I never used to be a shy kid. My parents told me that I was interacting with strangers with no fear.
I remember my kindergarten times as wild, colorful and with no boundaries. A place where creativity and individuality were welcome and supported.
School changed everything. I somehow must have gotten a sense of what visiting school is about because my parents told me that I never wanted to go there. I wasn’t excited about it like other kids were. That was the time when I started to become quieter. A teacher once called me a ‘daydreamer’ because I was looking out of the window a lot.I got criticized at school for not being good at all the important subjects. And being good at Art, Music and Sports only brought me some tired smiles. I am a sensitive person and as a Kid, I got it all wrong and thought I’m not good enough as a person. Puberty made it even worse because when I found out that my desire for other boys was called homosexuality and doesn’t fit the average picture society is expecting it only fed my worries and anxiety. When my classmates found out that I was gay I got bullied but I tried to stay strong and wrote love letters to boys I liked and opened my heart. Unfortunately I never became a positive reaction.

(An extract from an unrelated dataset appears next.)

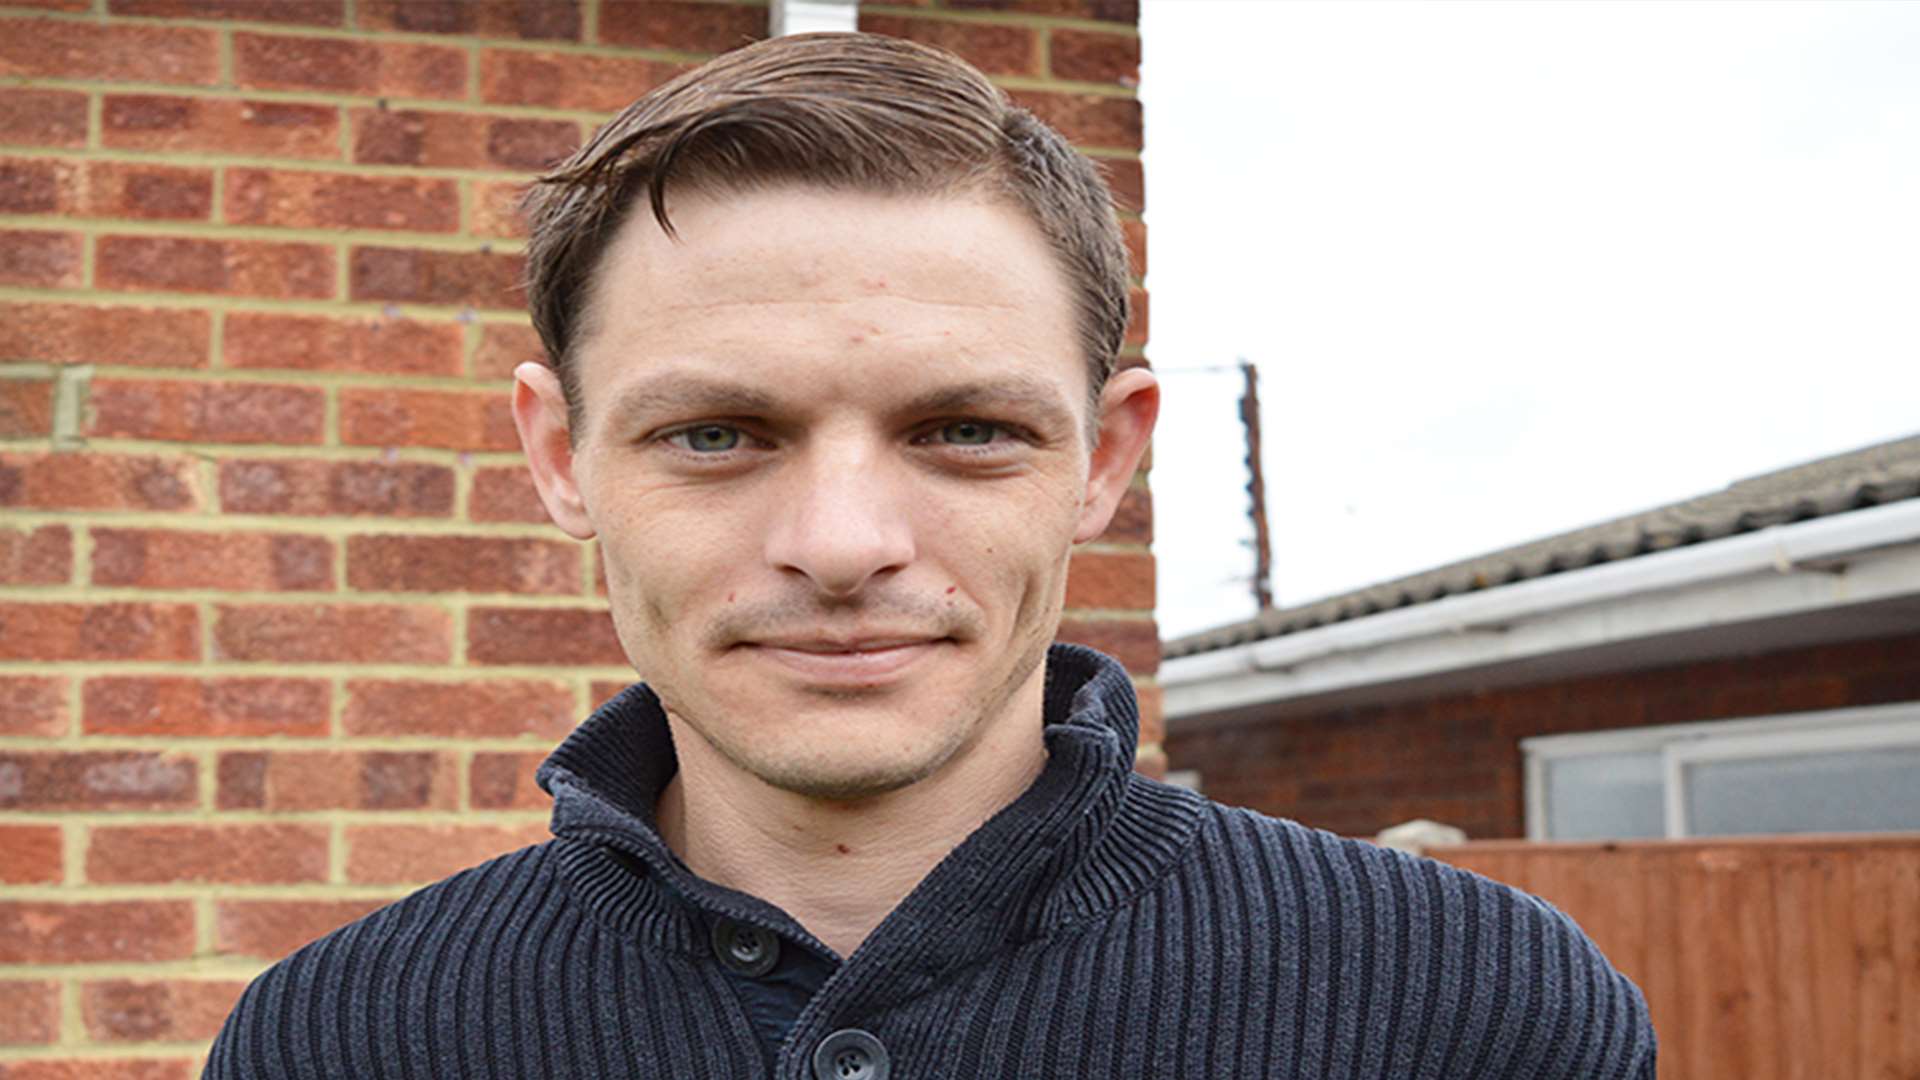 Daryl was sleeping rough for six months before getting help from the charity

Later on at university, I was still unsure about my Identity and drowned my loneliness and sorrows in alcohol, drugs, and cigarettes. Until I had a big Accident that almost made me lose my Life. That was the point when I started to realize that I needed to change something fundamentally. Thanks to some good friends I found some professional help that showed me that I need to focus on my no.1 topic in my life, my identity, and with that, of course, my sexual identity which is my homosexuality. Which I found out was one of the best things in my life. I believe that as a homosexual we need to go the extra mile to accept who we are. We are a minority. We live in a heterosexual world. If we want to live in a world that fits OUR reality we need to make it!
I’m still shy if I meet strangers but as soon as there is a certain trust I finally can open up and show a bit more of who I really am again. And that feels amazing. The shyness will probably stay but the threshold becomes smaller step by step. Also focusing on my art and expressing myself through it helps me cope with my issues, win back trust in myself and become proud of who I am again, a loveable person.